Dataset extract
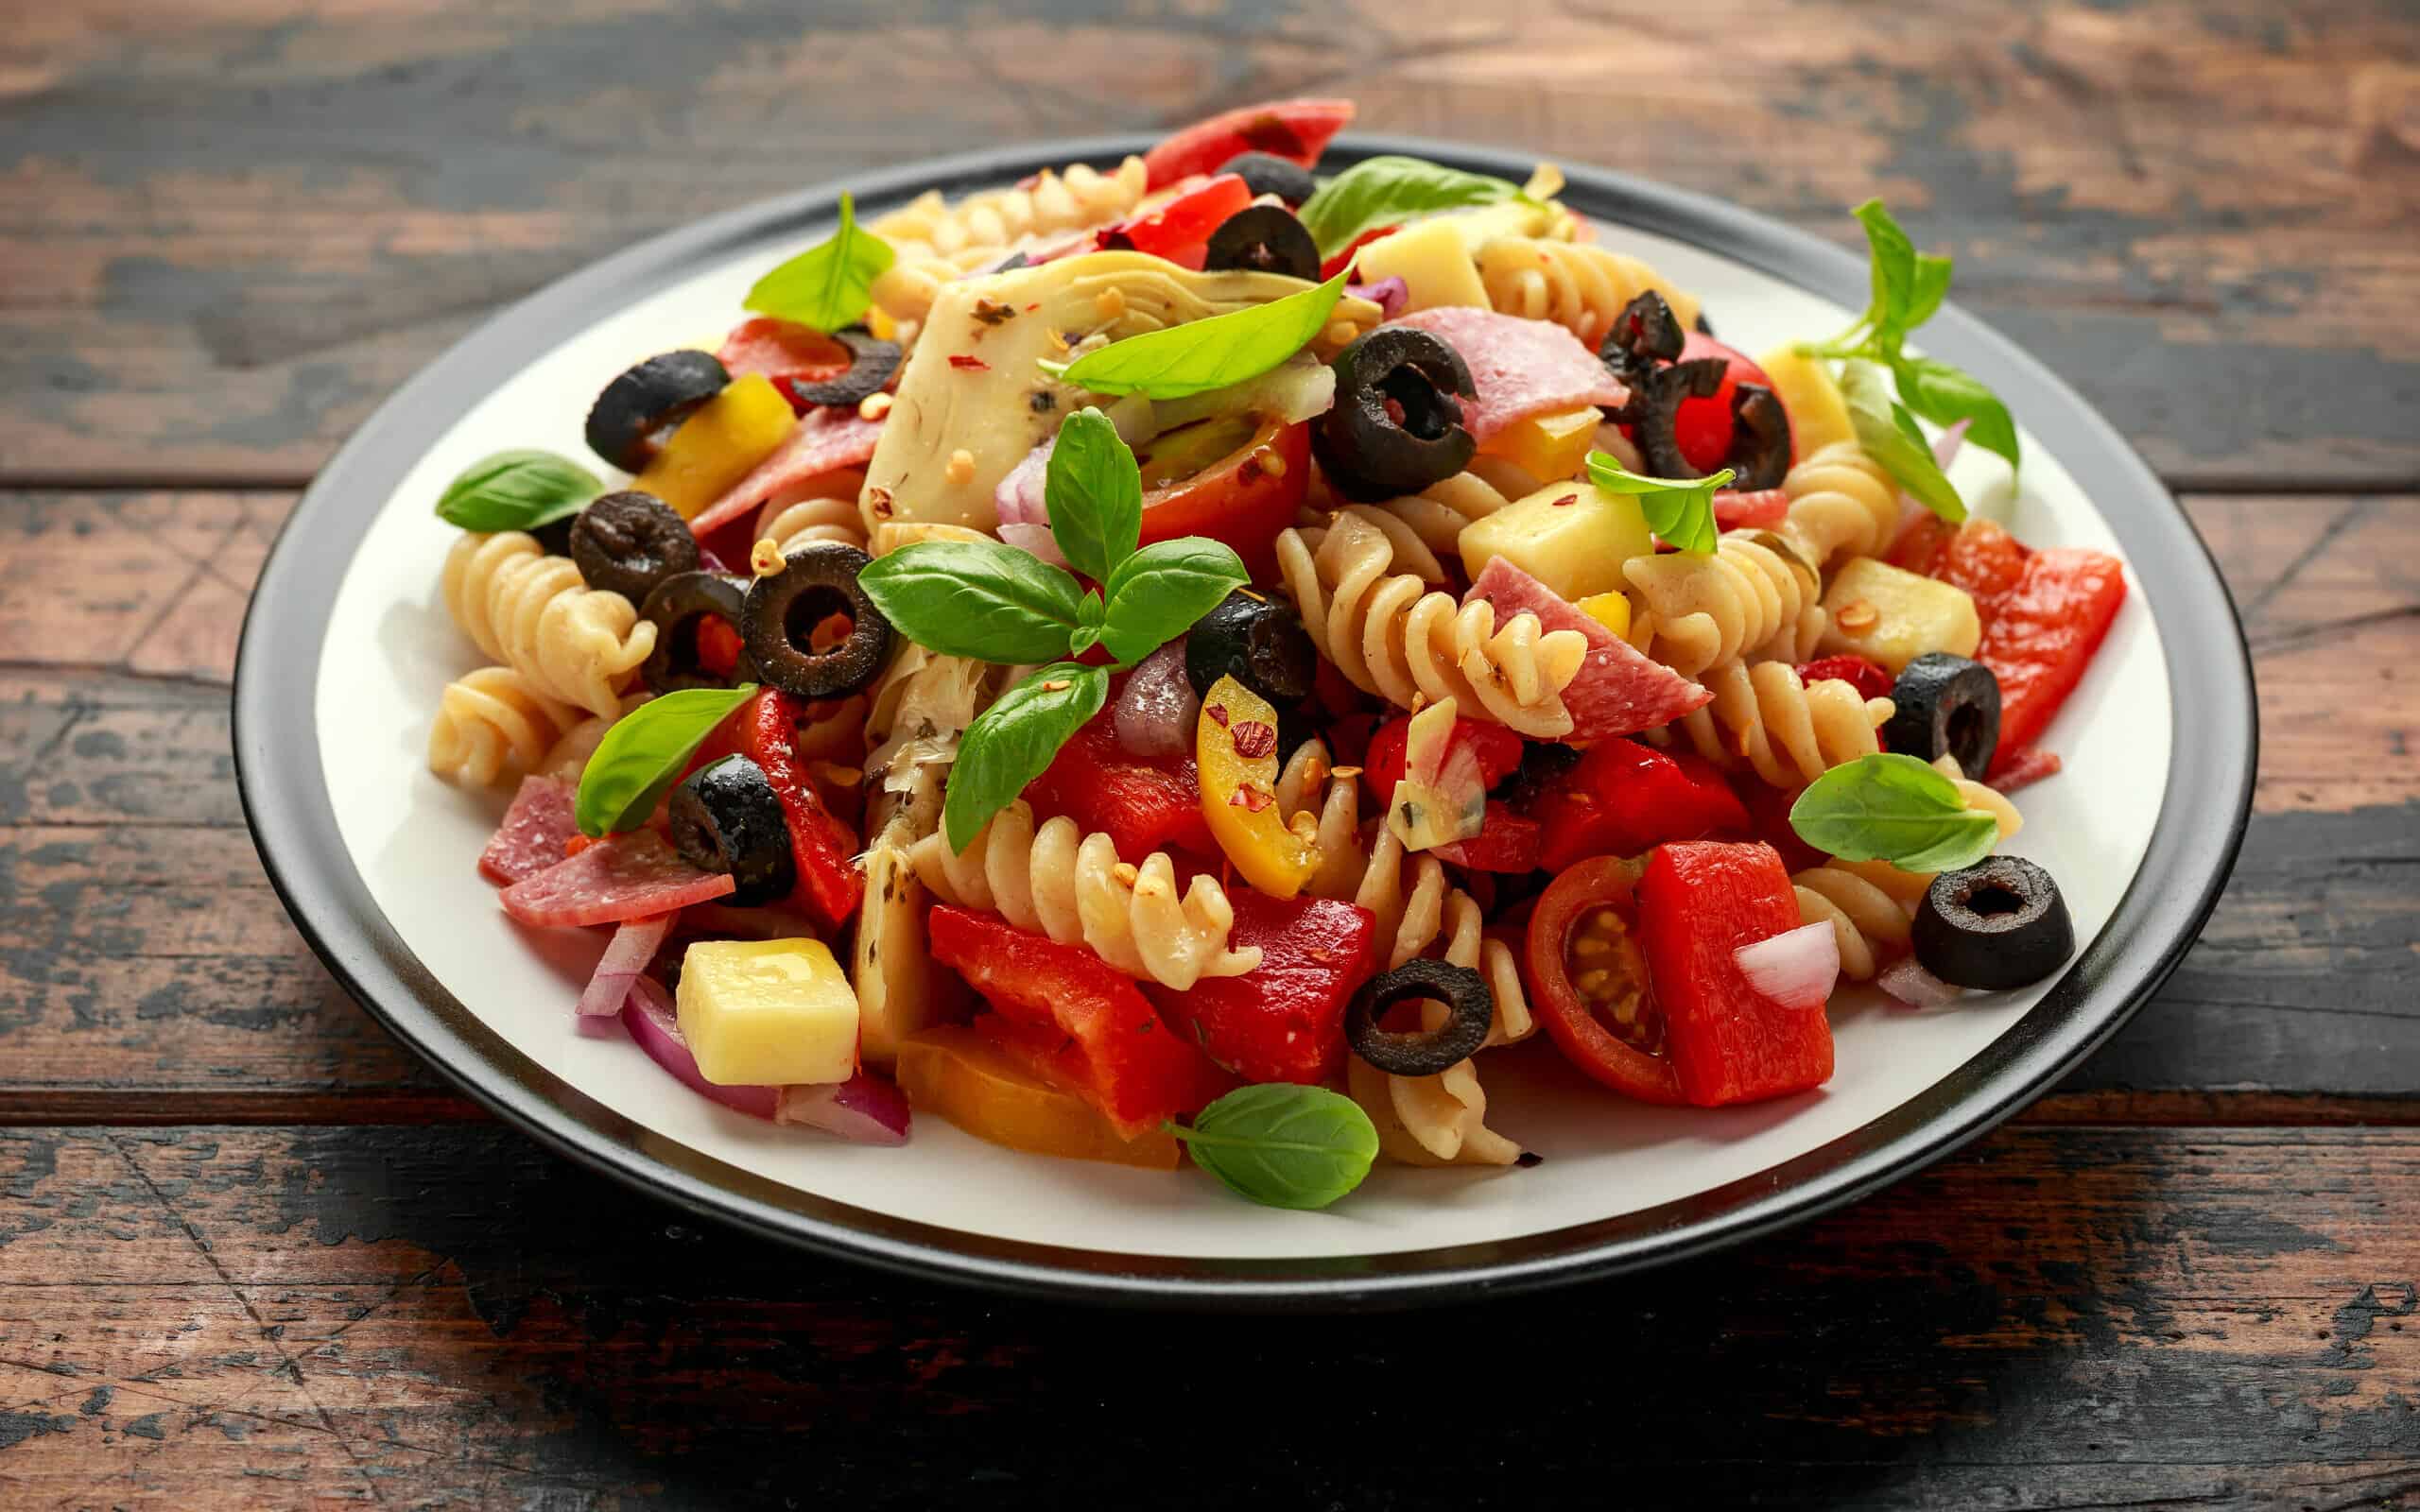 Antipasto salad with pasta, tomato, olives, red onion, bell pepper, salami, cheese artichoke and basil on wooden table
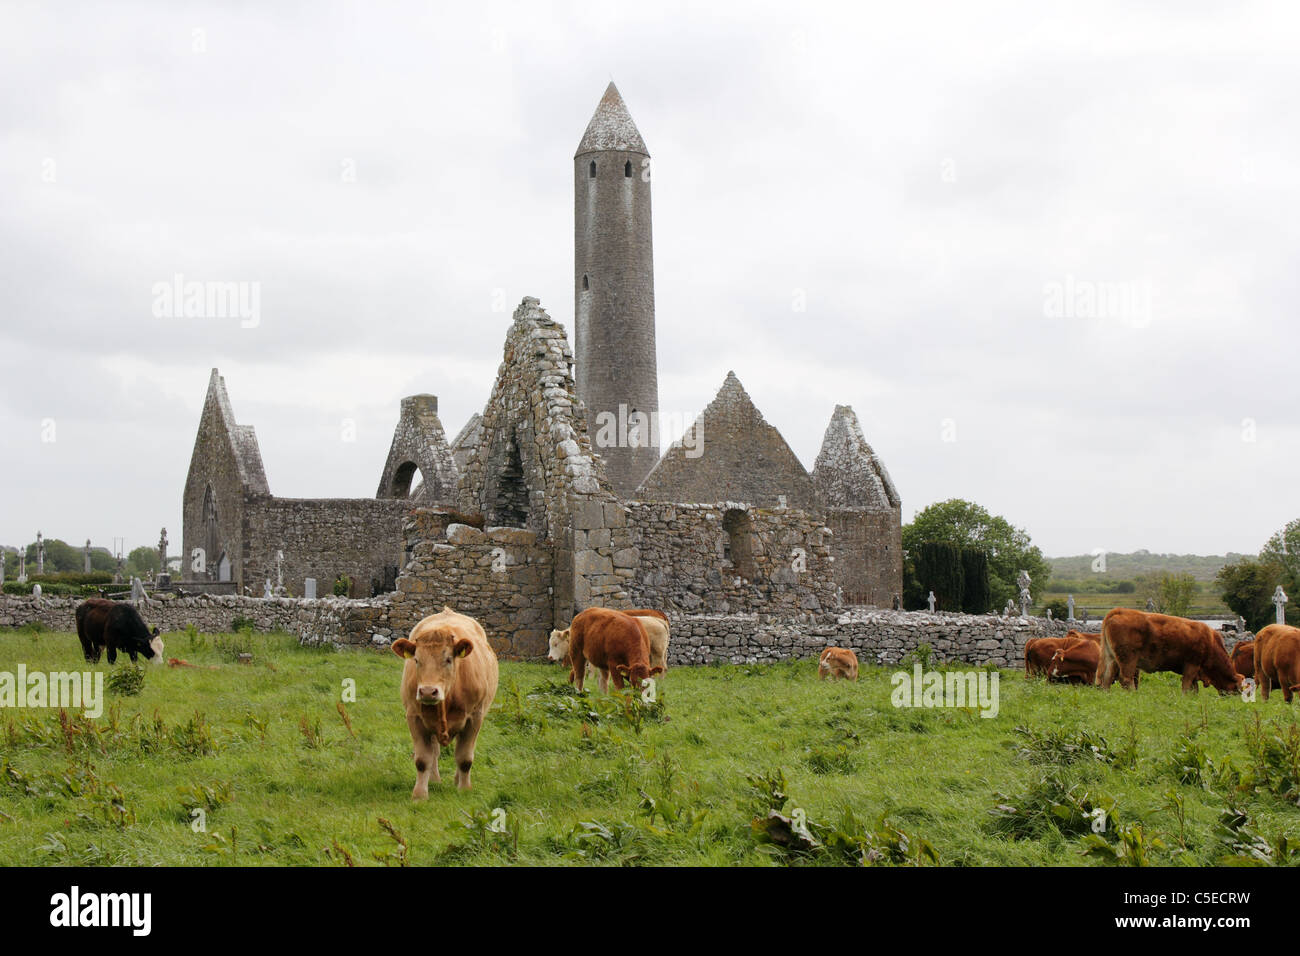 Kilmacduagh Monastery, County Galway, Ireland. At 34 metres (112 feet), the round tower is the tallest in Ireland. Stock Photo
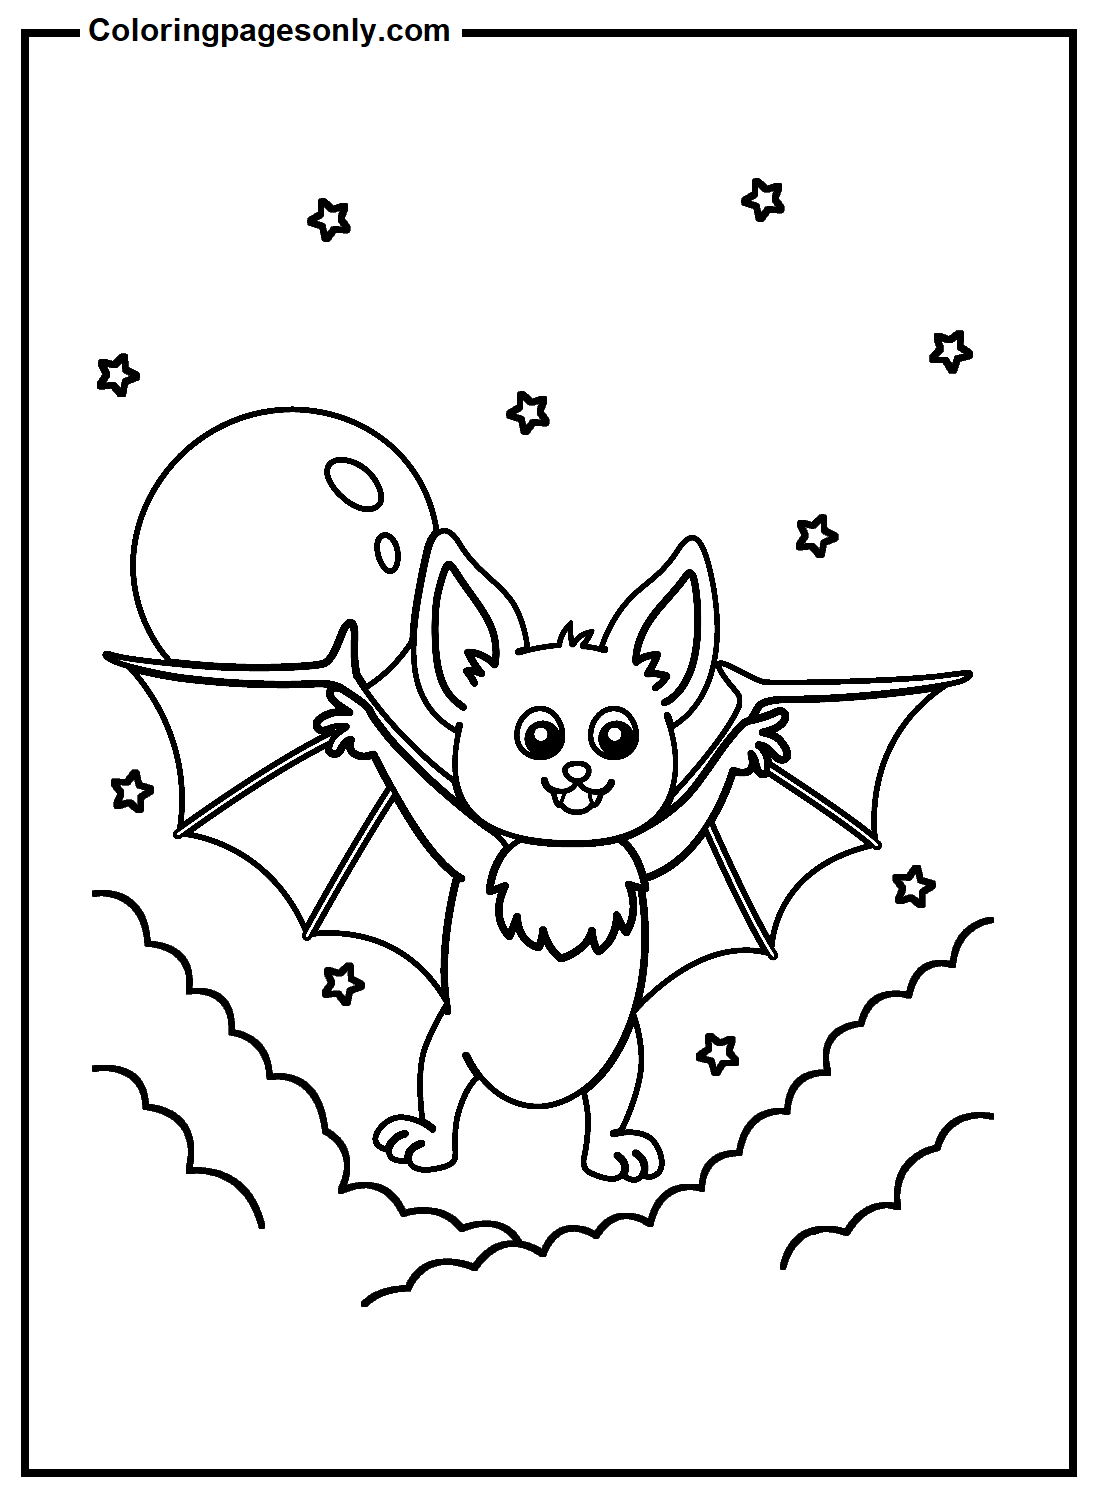 Bat for Kids Coloring Page
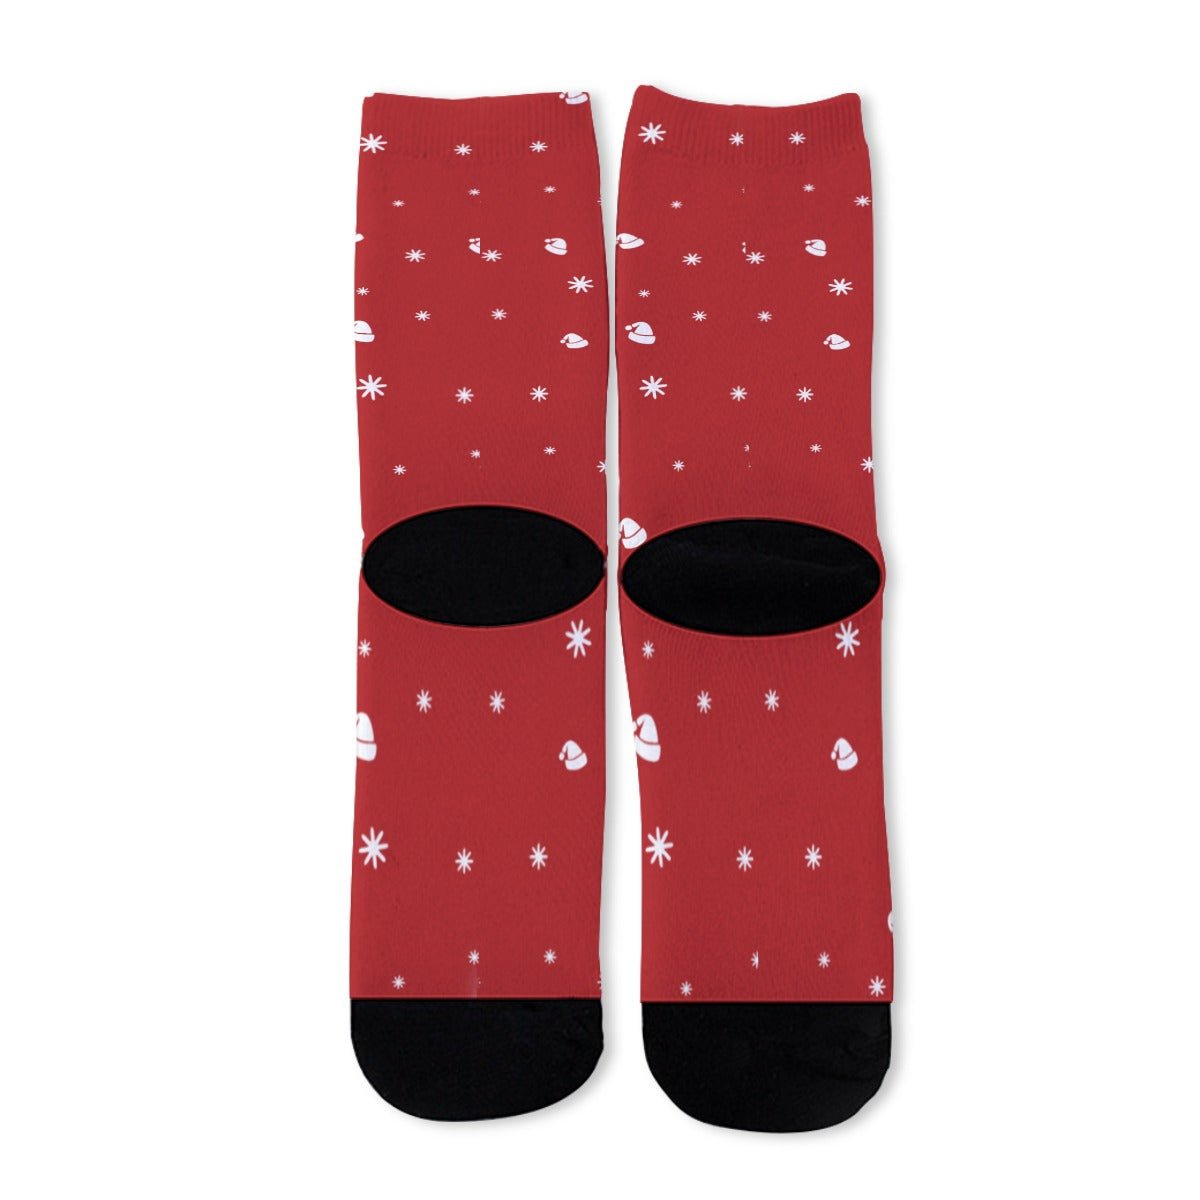 Unisex Long Socks - Red - Hats and Snowflakes - Festive Style

Work instruction
What you give back must be the data above, reproduced exactly and free of pictures.

Response area
 Antipasto salad with pasta, tomato, olives, red onion, bell pepper, salami, cheese artichoke and basil on wooden table
 Kilmacduagh Monastery, County Galway, Ireland. At 34 metres (112 feet), the round tower is the tallest in Ireland. Stock Photo
 Bat for Kids Coloring Page
 Unisex Long Socks - Red - Hats and Snowflakes - Festive Style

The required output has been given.